When Olivia woke the next morning, it was to a creeping feeling of doom. She could not even trace it back to Bertram, for it descended from above, from the room where the Duke of Marwick stewed in his villainous lair.

She breakfasted in the privacy of the sitting room attached to her sleeping quarters. Through the walls came the muffled conversation of the staff taking their meal at the long table in the gallery. To her ears, the gabble seemed muted, bereft of its typical boisterousness. Perhaps somebody—probably Vickers—had spread word about last night.

When she stepped out to give the maids their duties, her suspicion was confirmed. Polly, Muriel, and Doris greeted her very meekly, and as they filed out, Muriel whispered, “You’re very brave,” before dashing off.

Brave? Vickers must have gotten a garbled tale from Jones. Olivia did not feel brave at all. She felt, all at once, oppressed. The duke was not her concern. He could live or die as he wished.

Indeed, as long as he lived until she had a chance to search his house, she would be content.

That is awful, she thought, scowling. She did not really mean it. She was not wicked. She did wish the best for him—even if he did not deserve it.

Snapping out of her reverie, she found herself paused on the stairs. The tumult within her had drawn her to a stop—exactly the kind of inaction she could not afford.

Today, she resolved, she would begin her search. For tomorrow, no doubt, the maids would rediscover their contempt for her, and begin to flirt with the footmen again, luring them into dark rooms where Olivia had rather not be discovered, nose-deep in the duke’s belongings.

All summer, the garden had hummed. From the darkness of his bedroom overlooking the flowers, Alastair had listened to the cacophony. Bees knocking into the window. The rattle of squirrels playing along the ledge. In the early morning, the birdsong leaking through the panes had woken him in a fury, his head pounding.

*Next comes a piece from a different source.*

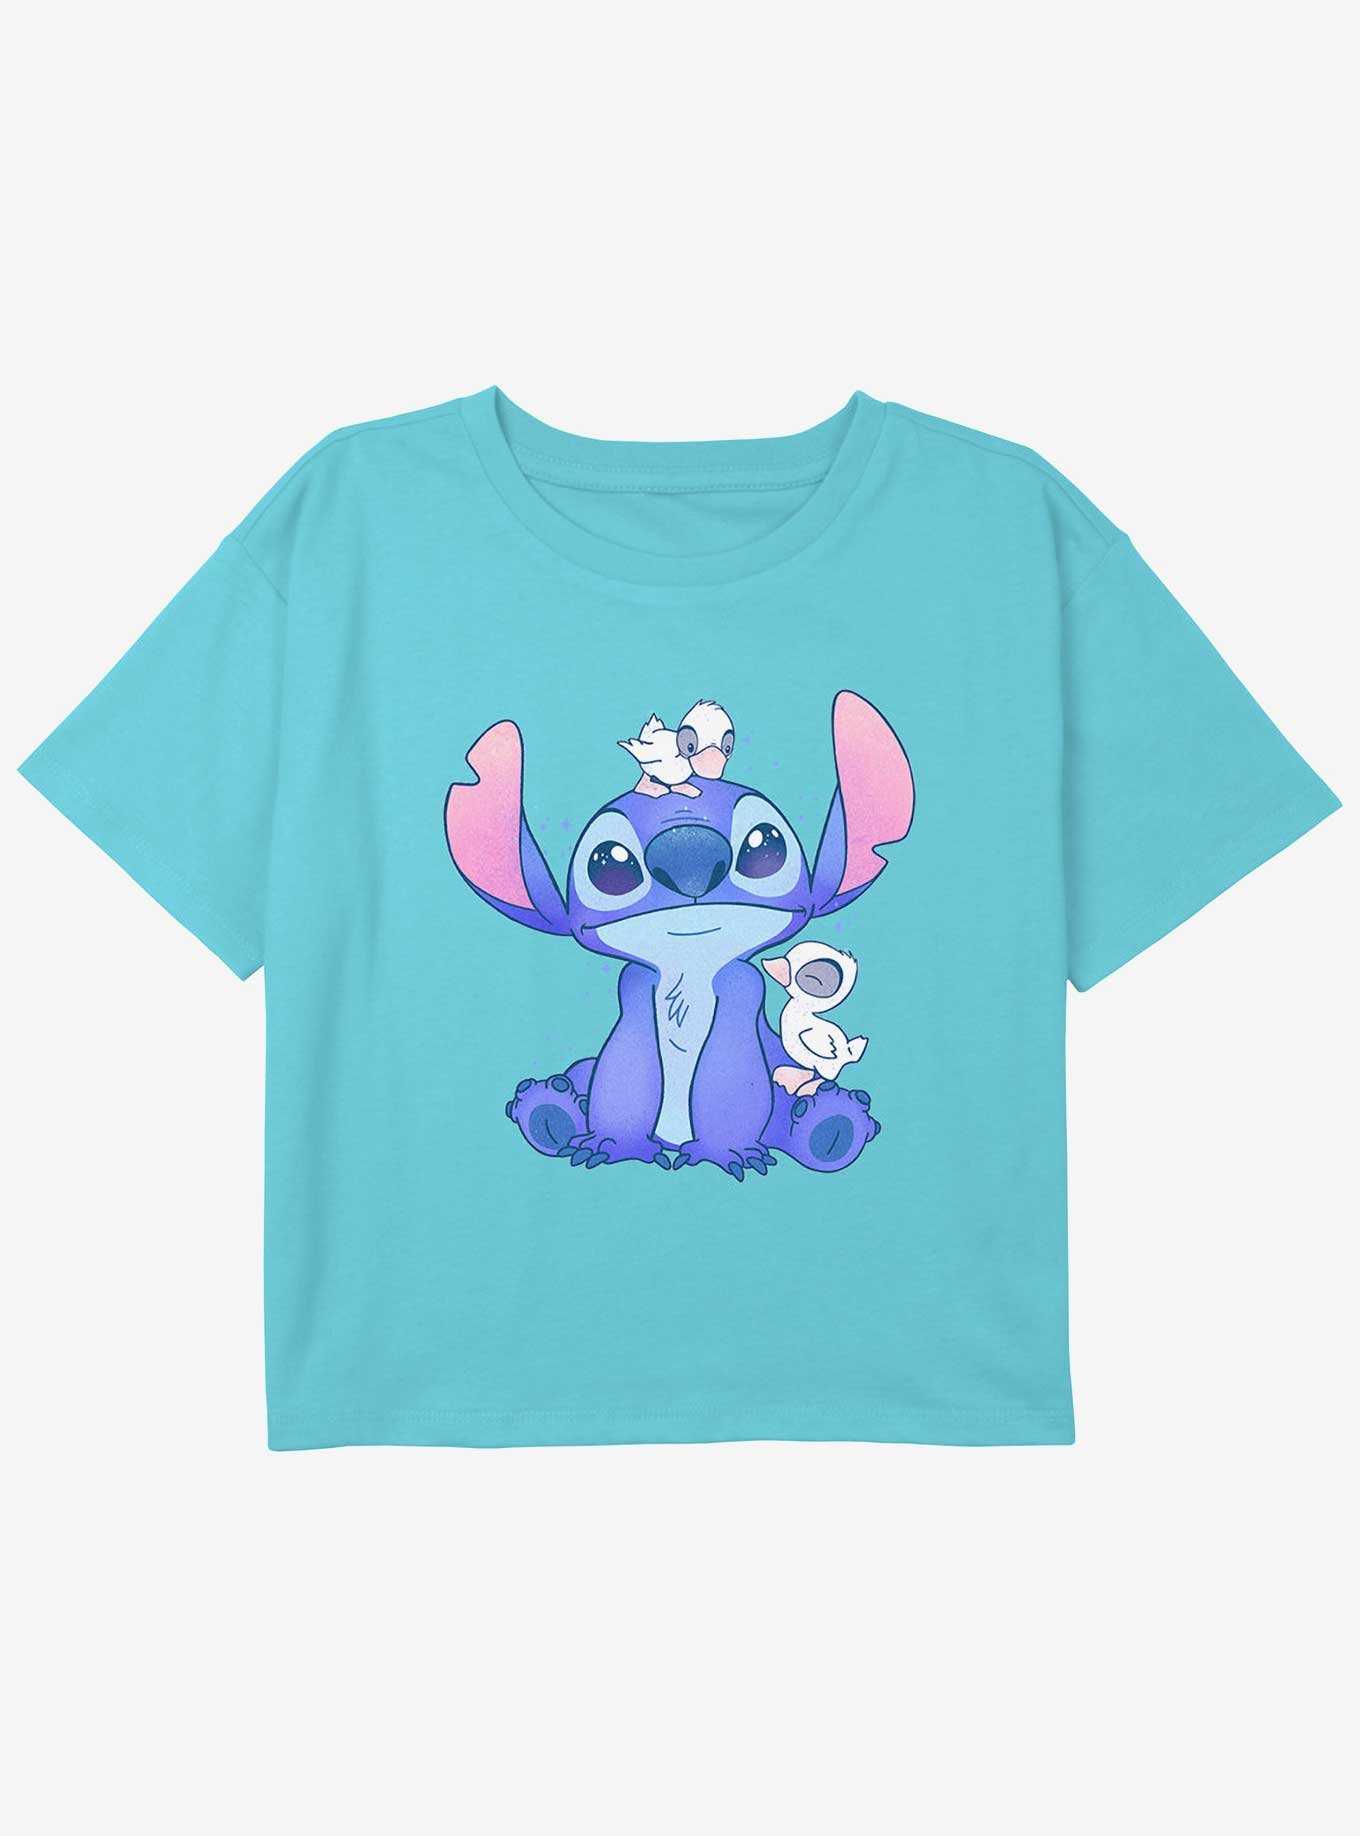 Disney Lilo & Stitch Cute Ducks Youth Girls Boxy Crop T-Shirt, , hi-res

He’d wanted nothing of summer. This house would be his grave. Drunk, enraged, he’d cursed the life in the garden.

Now, on a late October morning, he woke to silence. The garden was dead. He could feel its sterility. Its silence pressed against the curtained windows like a fist ready to explode through the glass.

The silence, so loud, bore a message for him: he had missed something crucial, let it pass by. Now it would never return for him.

He rose. (Why? What point?) The long mirror atop his dressing table showed a lean face and sunken eyes, the face of a starving wolf. “Damn you,” he said to the mirror. His eyes burned; his lip curled, exposing teeth.

Once, he wielded this sneer in Parliament, a handy tool to silence his opponents. Now it functioned only to silence himself.

He resisted it. “Will you not go outside?” he snapped.

Outside: a crush of eyes to watch him. Countless mouths poised to spread news of him. Look at what he has become. England’s hope, they once called him. Thoughts of that world, the eyes, the mouths, swarmed over him, nested in his chest, and grew heavy like stone. It crushed the breath from his lungs to think of the world outside.

In the world’s memory, he was a statesman. Not a fool or a cuckold, not a man whose hubris had blinded him to his own idiocy.

Let the world remember that other man, then—even if, in retrospect, he had always been a lie, after all.

Kneeling, Alastair commenced his calisthenics. Twelve years ago, drunk at a pub in Oxford, his friends had paid an old soldier to show them his mettle. He had led them through his army routine, and none of them—save the soldier—had gotten through it without puking.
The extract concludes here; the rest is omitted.